And MDSMat4 (the type used by Poseidon2BabyBear in production) maps to apply_mat4, NOT the paper’s. From the comment on line 52:

“It turns out we can find a 4x4 matrix which is more efficient than the above.”

So Plonky3 substitutes its own optimized circulant for the paper’s M_4. Both MDS over BabyBear (verified for both in mds.rs), but byte outputs differ from any paper-spec implementation. Anyone who reads the paper, builds Poseidon2-BabyBear themselves, and runs against Plonky3 test vectors WILL get a mismatch.

This is exactly the thing audit-by-association would have missed. Plonky3 documents it (the comment on line 52 is right there) but the README doesn’t flag it as a deviation. If I’d just copied Plonky3’s V vector and round constants and called it a day, my circuit would have given different commitments than every other Plonky3 user, and I would not have known why.

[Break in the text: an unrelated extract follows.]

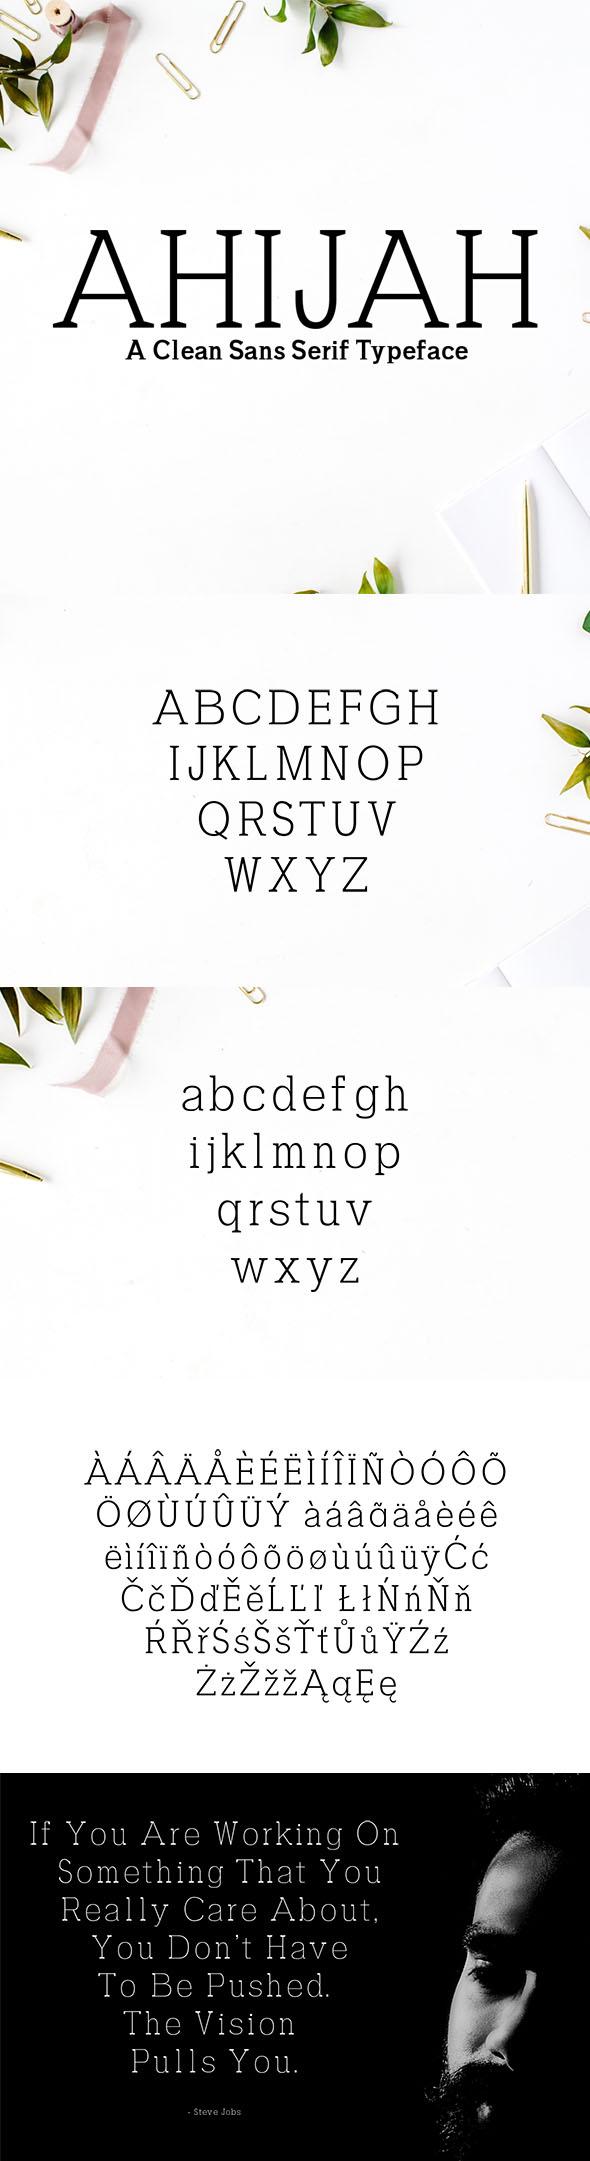 Ahijah A Clean Sans Serif Typeface - Sans-Serif Fonts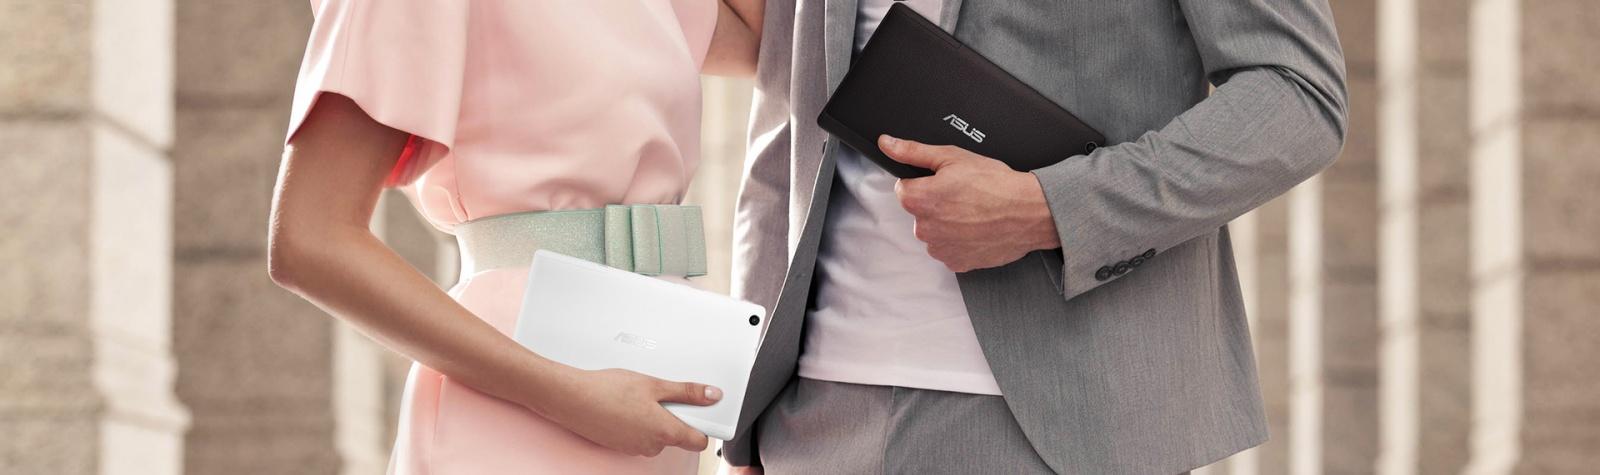 Обзор планшета ASUS ZenPad 8.0 - 13

Switched our perm to use circ(2, 3, 1, 1). Diff test went from 5/6 failing to 6/6 passing. Byte-identical with Plonky3 across:

All zeros input
All ones input
Sequential 0..15
Plonky3’s own test-vector input
Max values 2^31 - 1
Single-bit injectivity (16 perturbations)

So is it secure

Both M_4 variants are MDS over BabyBear. Plonky3’s optimized version satisfies the paper’s structural requirements. Round counts are the bound minima, verified independently. V vector satisfies the subspace-trail condition. So yes, Plonky3’s BabyBear Poseidon2 IS sound, just not literally the paper’s spec.

Net: Plonky3 vindicated on findings 1, 2, 3, 4. Finding 5 is a “this is documented but easy to miss” gotcha.

What this enables

The audit lands as the foundation for PQ-Semaphore on RP2350. Now I can wire the verified Poseidon2-BabyBear into a STARK Merkle membership circuit and replace the BN254 Groth16 path on the Semaphore page with an actually post-quantum identity stack. Sub-second prove on a $5 microcontroller is the goal, we’ll see when I bench it.

If you want to look at the audit crate itself, source is at crates/zkmcu-poseidon-audit/. Pure-u64 math, no big deps, runs in 60ms release. PRs welcome if you find my Rabin’s-test or Faddeev-LeVerrier code is dumb somewhere.

Or am I just pure evil for not trusting Plonky3 in the first place. 🤷